Yeah. This has become sort of the, uh, um, the, the motif of the choreographer.
Yeah. Yeah. Well, I think, I think a lot of that comes, it comes even acting from the Russian roots that Russian ballet masters were taskmasters. They were tough, tough cookies. Apparently Balanchine was brilliant, but tough. I watched a, uh, a, uh, a documentary on, on either Balanchine or the company in New York that he choreographed for. But the bottom line
Jerome Robbins.
Yes, Notorious. Um, but, uh, my father-in-law who joined my opt-in class, actually, it was very, it was an interesting three years with both of my in-laws during my class, turned out wonderful, wonderful for all of us, we grew up much closer, but my father-in-law said, so tell me about these two different styles of teaching. And I said, well, I said, it's real simple. It's like you plant a seed in the ground and the seed germinates, and you see this beginning leaf. And I said, the one way of teaching is, oh God, is that the best? You can do one little leaf and it's not even quite green yet for God's sake, you can do better than that. Jesus Christ or, oh my God. Look at that. It's a leaf. It's beginning to be a leaf and it's turning green. That's fantastic. Keep going. And my father-in-law, who'd been a lawyer for 50 years. Wasn't that? He was a very good actor. It turns out he ended up working, uh, before he died, but he said, well, if you taught me that first way, I wouldn't come back. And I went, there you go.
Oh, that's special. Um, and that is also a brilliant Gary, did I, did I give you the script for this conversation? I feel like we're very much on the exact same flow. The other thing I wanted to make sure that we talked about today is fantasy night. And that is not what it sounds like to dirty, dirty mines, but tell us about fantasy night.

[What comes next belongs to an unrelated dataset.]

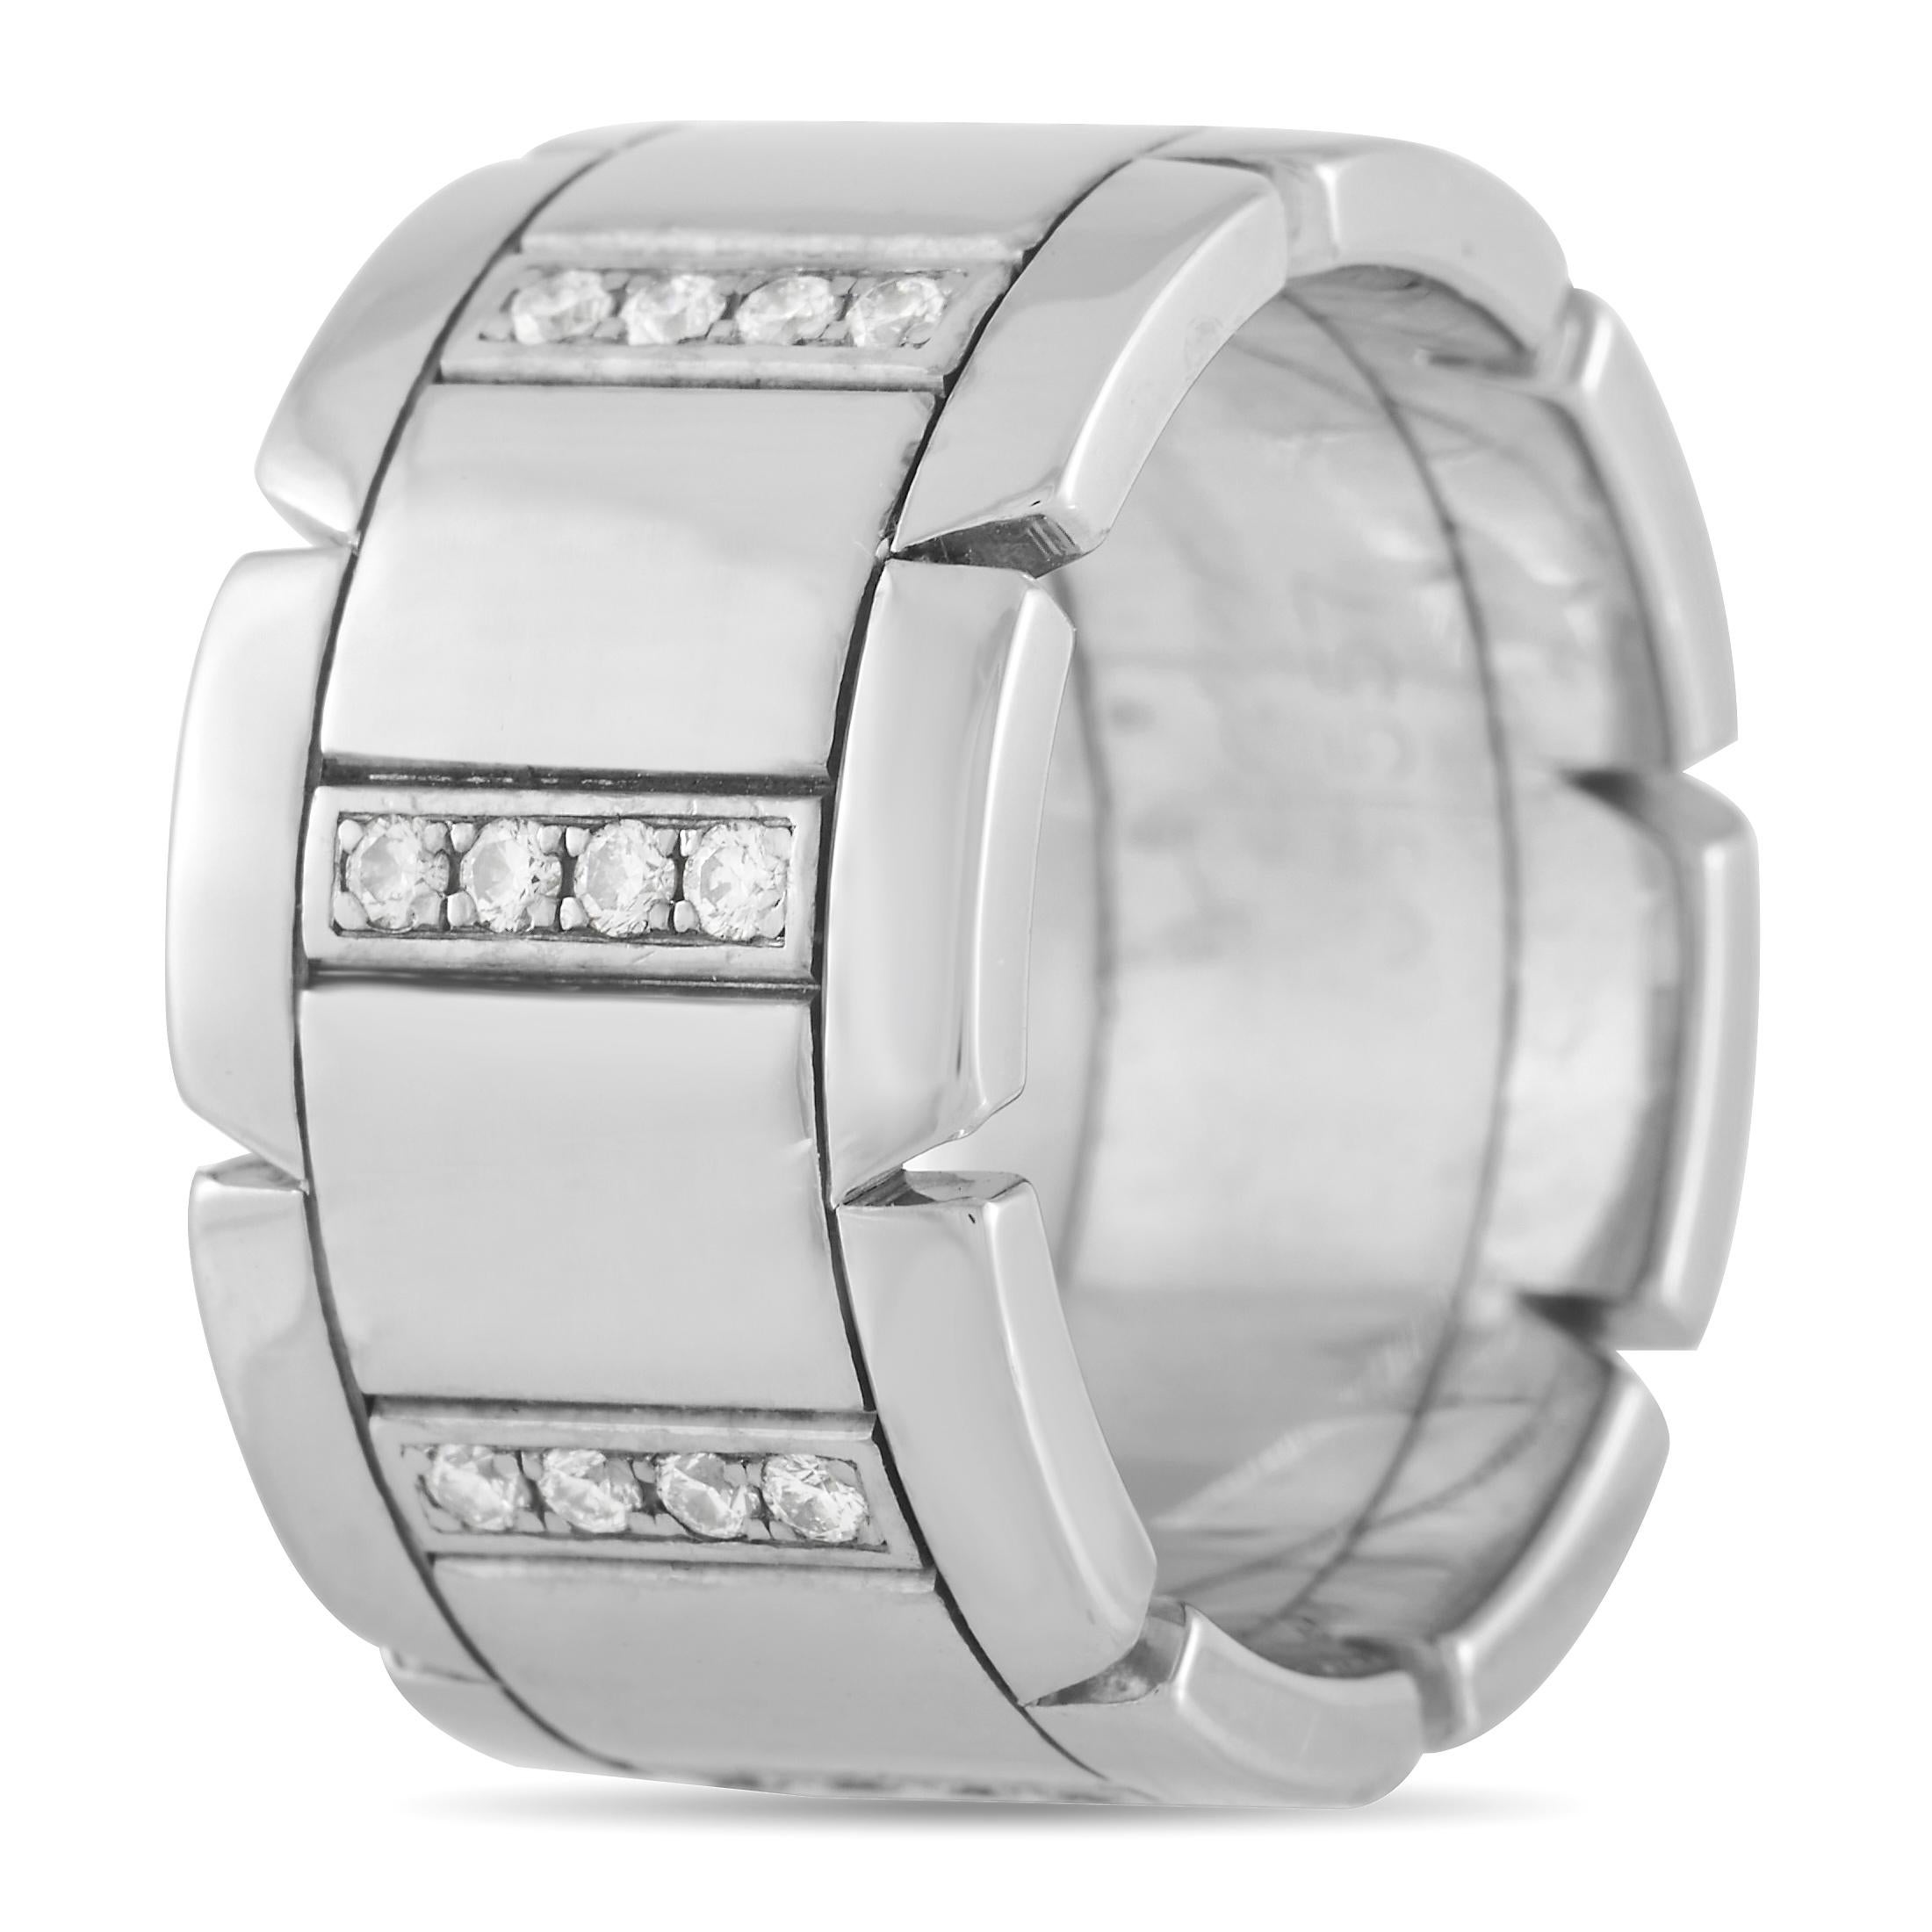 This Cartier Tank Francaise Band Ring is an exceptional piece that upholds the luxury brand’s commitment to excellence. The creative 18K White Gold setting measures 10mm wide and includes minimalist notches throughout for added visual interest. But

I don’t like the title, but we haven't come up with a better one. Okay. So this was something I created because I was taking a look around the room one night and I went, you know, all artists have are their impulses, their creative impulses. And I went, but life teaches us to sublimate impulses, to suppress impulses. You follow an impulse. She gets slapped. You follow an impulse. She gets sent to the principal's office. You follow an impulse, you get arrested, you follow an impulse. You know, you upset people. And yet we're encouraged to do the very things in acting you're supposed to be free. You're supposed to follow. You're supposed to be emotional. You're supposed to all these things. You're supposed to play killers. You're supposed to do all these things in life you're not supposed to. So I went, I think I need to design an evening where people are encouraged to follow a creative impulse that they've never dared try in public.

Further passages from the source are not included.